用户登录表 用户每一次登录都会在数据中产生一行数据 字段:userid 用户唯一标识,login_timestamp 登录时间戳,p_date 登录时间年月日; 需求一:获取连续登录三天的用户。 需求二:补充说明连续登录的用户,在哪些时间天是连续登录的。 用oracle sql写
时间: 2024-09-18 21:14:24 浏览: 29
为了满足这两个需求,我们可以使用Oracle SQL的`CONNECT BY`子句以及窗口函数来处理。这里有一个基本的SQL查询示例:
**需求一:获取连续登录三天的用户**
```sql
SELECT userid
FROM (
SELECT userid, login_timestamp,
ROW_NUMBER() OVER (PARTITION BY userid ORDER BY login_timestamp) as row_num
FROM user_login_table
)
WHERE DATEDIFF('day', lag(login_timestamp) OVER (PARTITION BY userid ORDER BY login_timestamp), login_timestamp) <= 3
AND row_num = 1;
```
这个查询首先按用户ID分组并排序登录时间,然后计算每个用户的行数(`row_num`)。连续登录三天的用户在`row_num`列会是1,同时满足连续登录的条件。

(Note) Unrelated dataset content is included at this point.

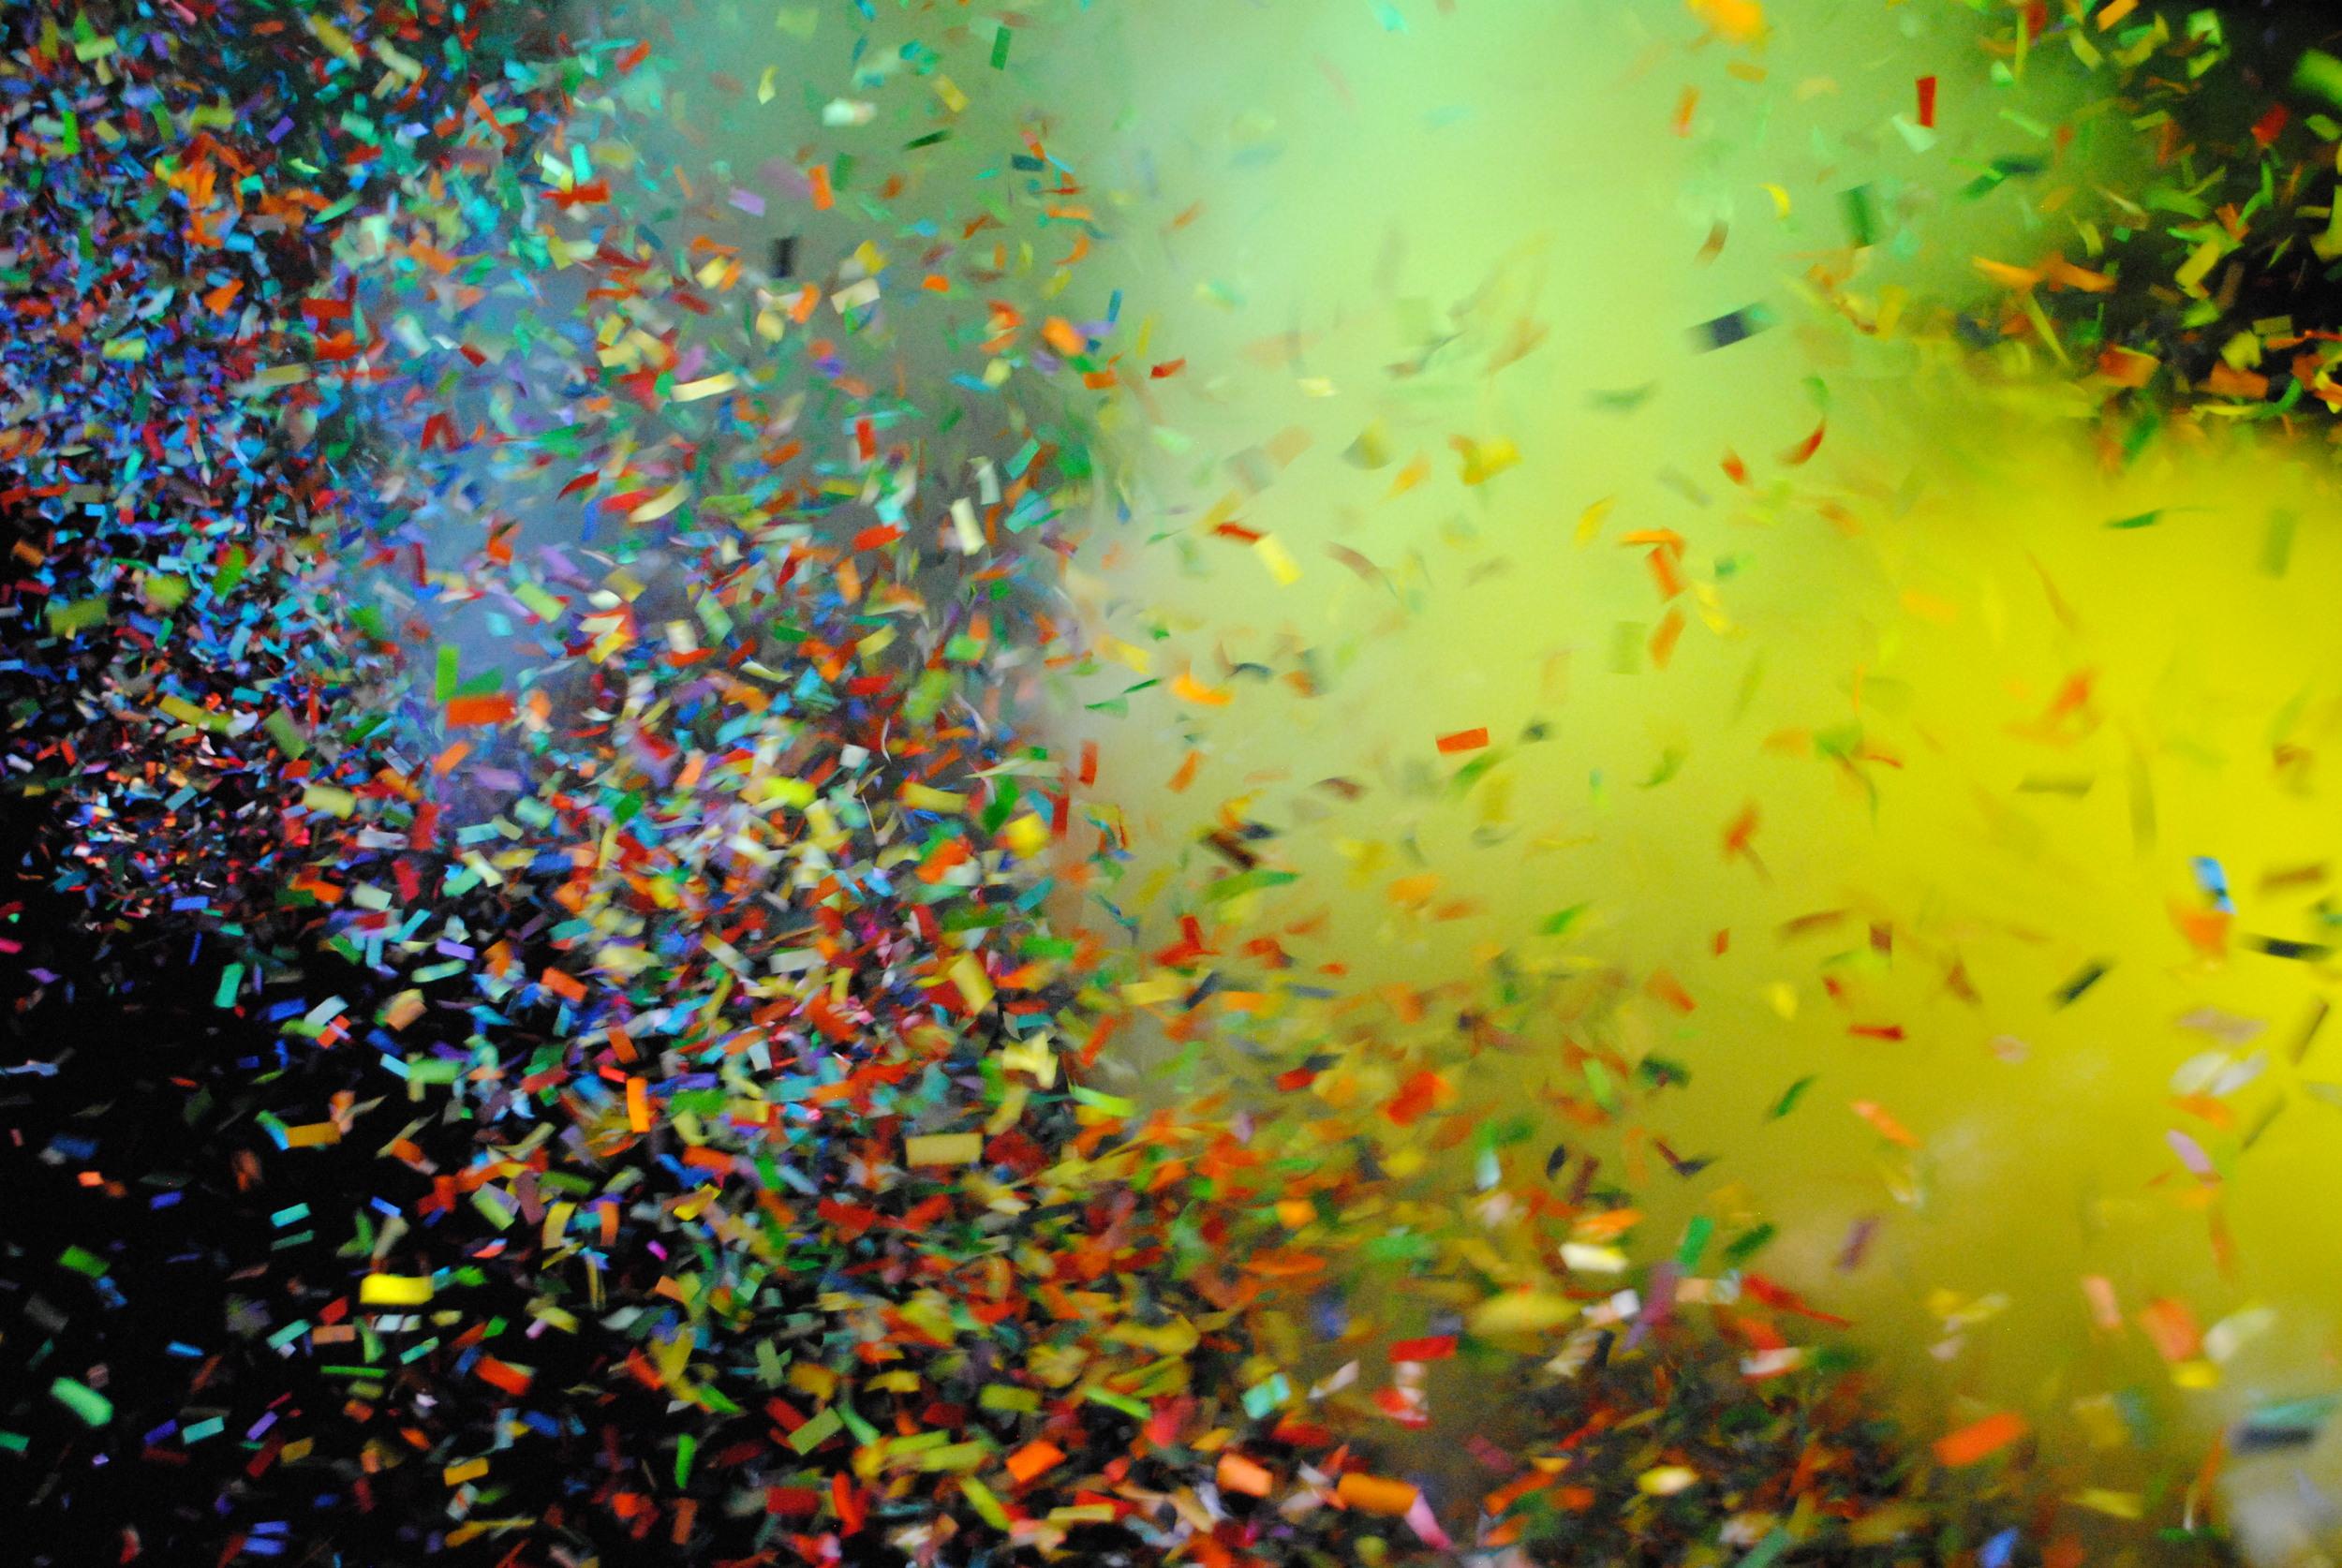 Confetti blast at Tame Impala, photograph by Liam McCarty (Bonnaroo 2016)

**需求二:补充说明连续登录的用户在哪些时间段是连续登录的**
```sql
WITH consecutive_days AS (
SELECT userid, login_timestamp,
LAG(login_timestamp) OVER (PARTITION BY userid ORDER BY login_timestamp) as prev_login
FROM user_login_table
),
three_consecutive_days AS (
SELECT *
FROM consecutive_days
WHERE DATEDIFF('day', prev_login, login_timestamp) <= 3
)
SELECT t1.userid, t1.login_timestamp, t1.prev_login
FROM three_consecutive_days t1
LEFT JOIN consecutive_days t2 ON t1.userid = t2.userid AND t1.prev_login + 1 = t2.login_timestamp
WHERE t2.userid IS NULL;
```
在这个查询中,我们先创建了一个名为`consecutive_days`的临时表,记录了每个用户的连续登录时间。接着在`three_consecutive_days`中筛选出那些连续登录三天的用户。最后通过左连接查找没有后续连续登录的日期,即得到用户连续登录的具体天数。